Une voie de contournement se précise à Lac-Mégantic

Les risques en ce qui concerne la pente, entre Nantes et Lac-Mégantic, où le train impliqué dans la tragédie s’est mis en branle, sont toujours présents.
Photo: André St-Amant La Presse canadienne Les risques en ce qui concerne la pente, entre Nantes et Lac-Mégantic, où le train impliqué dans la tragédie s’est mis en branle, sont toujours présents.

Quelques jours après son cri du coeur réclamant l’éloignement des trains du centre-ville de Lac-Mégantic, la mairesse Julie Morin estime avoir reçu la confirmation du fédéral que la voie de contournement sera bel et bien construite.

Le ministre fédéral des Transports, Marc Garneau, a annoncé mardi matin depuis Israël qu’Ottawa va accorder « un montant substantiel pour la construction d’une voie de contournement à Lac-Mégantic ».

« Ça fait presque cinq ans qu’on se bat pour la voie de contournement et, aujourd’hui, on peut enfin avoir l’espoir dont on avait besoin, soit de savoir qu’on va avoir cette voie-là et surtout qu’on va pouvoir penser à un développement pour notre centre-ville », s’est réjouie Mme Morin.

Invité à préciser si cette annonce confirmait la faisabilité de la voie de contournement, le cabinet du ministre Garneau n’a pas donné suite aux messages du Devoir.

Mais, la mairesse de Lac-Mégantic estime avoir reçu « la réponse » qu’attendaient les Méganticois. Elle a la certitude que le statu quo vient d’être écarté, même si les études sur les options possibles ne sont pas encore terminées.

« Il n’y a pas une voie de contournement seulement pour aider au rétablissement psychologique de la population. Il y a vraiment un enjeu réel de sécurité », a-t-elle souligné.

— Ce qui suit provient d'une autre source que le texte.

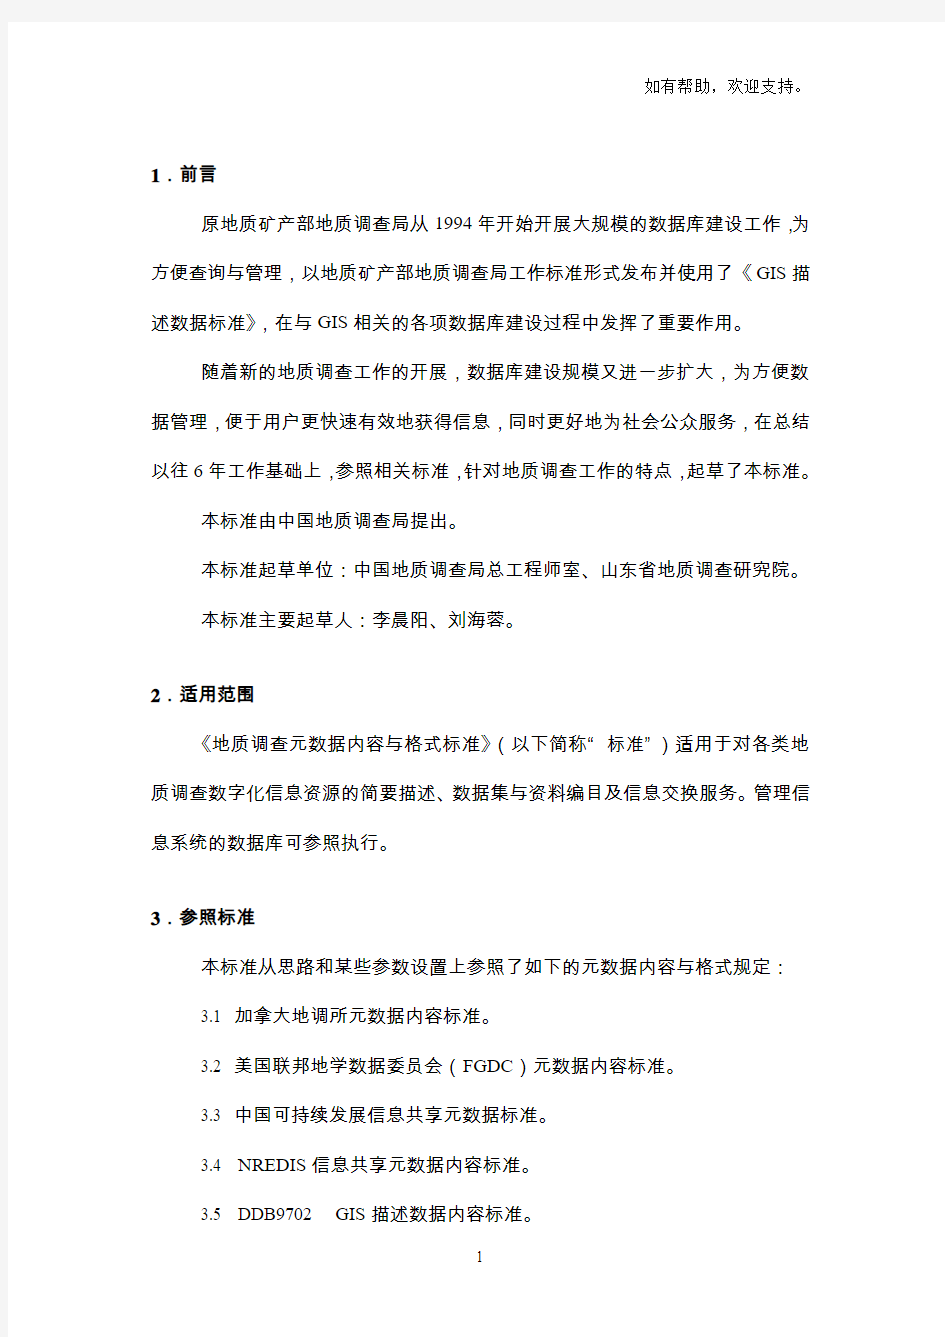 中国地质调查局工作标准(2)

« Émue », Mme Morin a rappelé qu’actuellement les convois ferroviaires passent toujours au même endroit où ont péri 47 personnes dans la nuit du 5 au 6 juillet 2013.

On veut assurer notre sécurité, mais on ne veut pas non plus pelleter les problèmes dans la cour des voisins

 

Les risques en ce qui concerne la pente, entre Nantes et Lac-Mégantic, où le train impliqué dans la tragédie s’est mis en branle, sont toujours présents.

« Il reste toujours le danger du point de vue de la géographie des terrains et des matières dangereuses qui passent deux à trois fois par jour dans notre centre-ville », a-t-elle indiqué.

La mairesse se dit consciente que malgré l’engagement fédéral, dans le meilleur des scénarios, la voie de contournement serait construite au plus tôt en 2022.

« Dans l’échéancier, on [a toujours parlé] de 2021-2022 […] Mais je vous dirais qu’au moins, on peut avoir l’assurance qu’on peut aller de l’avant avec ce projet-là », a-t-elle dit.

Partage des coûts

Selon la mairesse Morin, les tracés actuellement à l’étude sont estimés à environ 130 millions. Pour l’instant, le montant que consacrera Ottawa au projet n’a pas été dévoilé.

« Il reste encore du travail à faire avec le gouvernement du Québec sur le partage des coûts et avec les municipalités pour finaliser le tracé, c’est pourquoi le montant précis de la contribution fédérale reste à confirmer », a fait valoir le ministre Garneau.

Il a indiqué que son objectif est d’annoncer ces détails avant le cinquième anniversaire de la tragédie, en juillet prochain.

Le député libéral de Mégantic, Ghislain Bolduc, a confirmé que Québec aussi participera au financement du projet.

« La part de Québec, c’est une partie qui est moins de la moitié du coût de la voie de contournement. On n’a jamais défini de chiffre », a-t-il indiqué.

Parmi les autres éléments à considérer, les résultats des consultations du Bureau d’audiences publiques sur l’environnement (BAPE). Celui-ci a indiqué dans son rapport que la population était beaucoup plus partagée sur la construction de la voie de contournement.

« Quand on sort le train du centre-ville de Lac-Mégantic, il y aura des impacts sur nos municipalités voisines et, ce matin, les premières personnes auxquelles j’ai parlé, c’est vraiment le maire de Frontenac et le maire de Nantes », a dit Mme Morin. « Oui, on veut assurer notre sécurité, mais on ne veut pas non plus pelleter les problèmes dans la cour des voisins », a-t-elle assuré.